Tuesday, June 16, 2009

What do you mean you pull your hair???

I've got this secret...one that makes me feel as though I'm living two lives. To the rest of the world I'm so well put together but once I close the door behind me, the struggle begins. Such is the life of a person with Trichotillomania - Trich for short. Trich is an impulse control disorder or form of self-injury characterized by the repeated urge to pull out [bodily hair - from the scalp, lashes and other areas], sometimes resulting in noticeable bald patches (Source: Wikipedia).

Why do I do this? If I knew that answer I'd have a full head of hair right now. See, it started as a result of wearing braids too tight, then stress, then it morphed into a strange way of responding to my stress. Today I'm hiding my inner self behind wigs -- cute though they are--- afraid to reveal the real me for fear of rejection.

Don't get me wrong....this is not a pity party...but a way to explain this dreaded action that I would not wish on my worst enemy. There's no patch, no pill, no step program for this vice...all you get is "find something else to do with your hands," or "wear gloves," or "why don't you just stop???" That's my favorite...if it was that easy would so many people struggle with Trich every day? I'm praying for a cure, or at the very least to one day wake up and find that the urge to pull is gone for good!
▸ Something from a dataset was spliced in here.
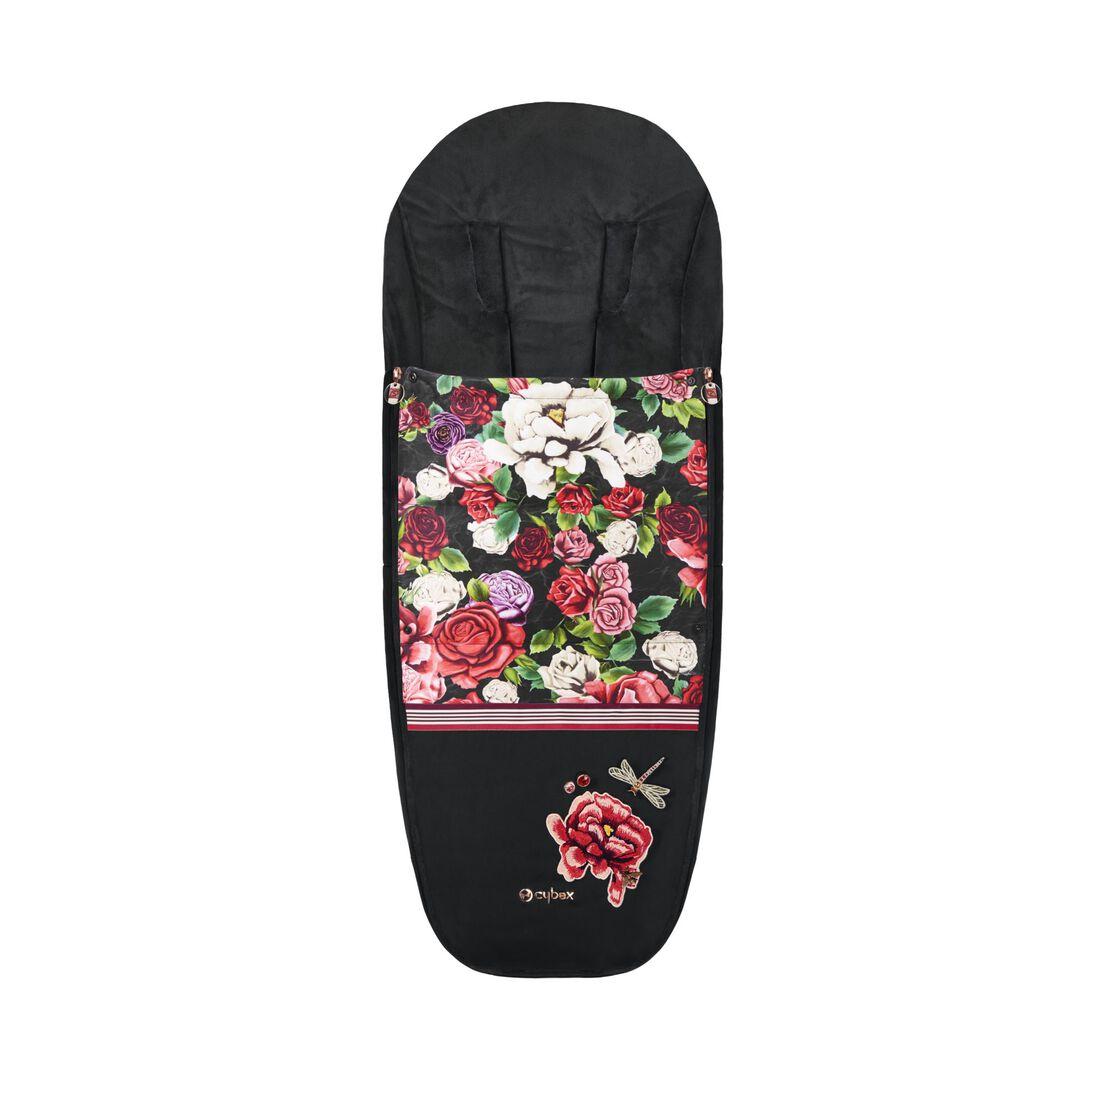 CYBEX Platinum Fußsack - Spring Blossom Dark in Spring Blossom Dark large Bild 1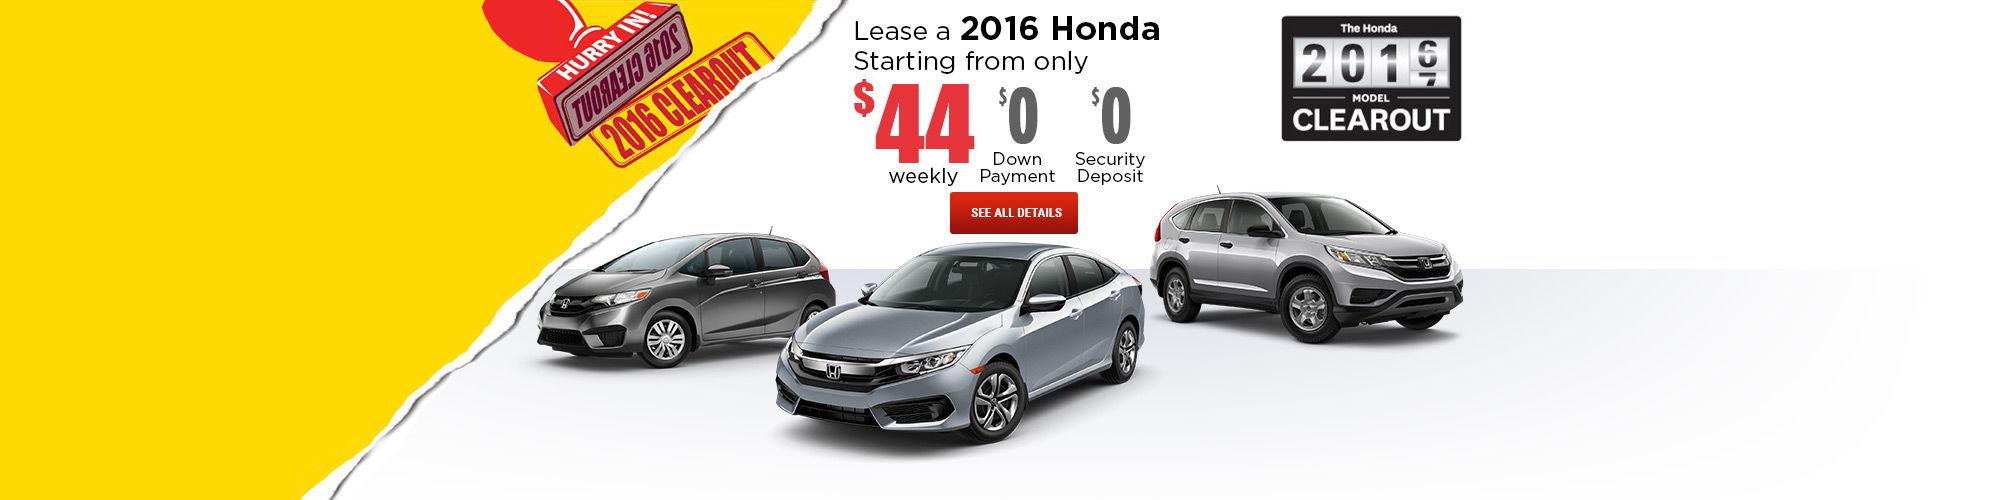 New honda ridgeline in st louis mo inventory photos videos for Honda dealership portland

That would be divine.

In the meantime, I have to continue loving myself, knowing that this is not a barrier to finding love. In fact, it's opened my eyes to how important SELF love is before one can share in a loving relationship. This is my journey...this is part of my spiritual path...this is my story...my hair story...and so as I close this inaugural chapter, I pray that by writing I will slowly shed the last shackles of trich that keep me pulling, keep me hiding, keep me from truly, fully being ME. 061609

1 comment:

  1. In a lot of ways we all do things to comfort us in times when we feel "unworthy". Yes, it sounds so easy to think we can just STOP or LOVE OURSELF.

    The truth is self love is a life long process and it's not so easy.

    The truth is when we sit alone in our own company, we are more exposed and just can't hide.

    The truth is when the truth hits us, growth begins.

    The truth is when growth begins, it hurts.

    The truth is we never stop growing.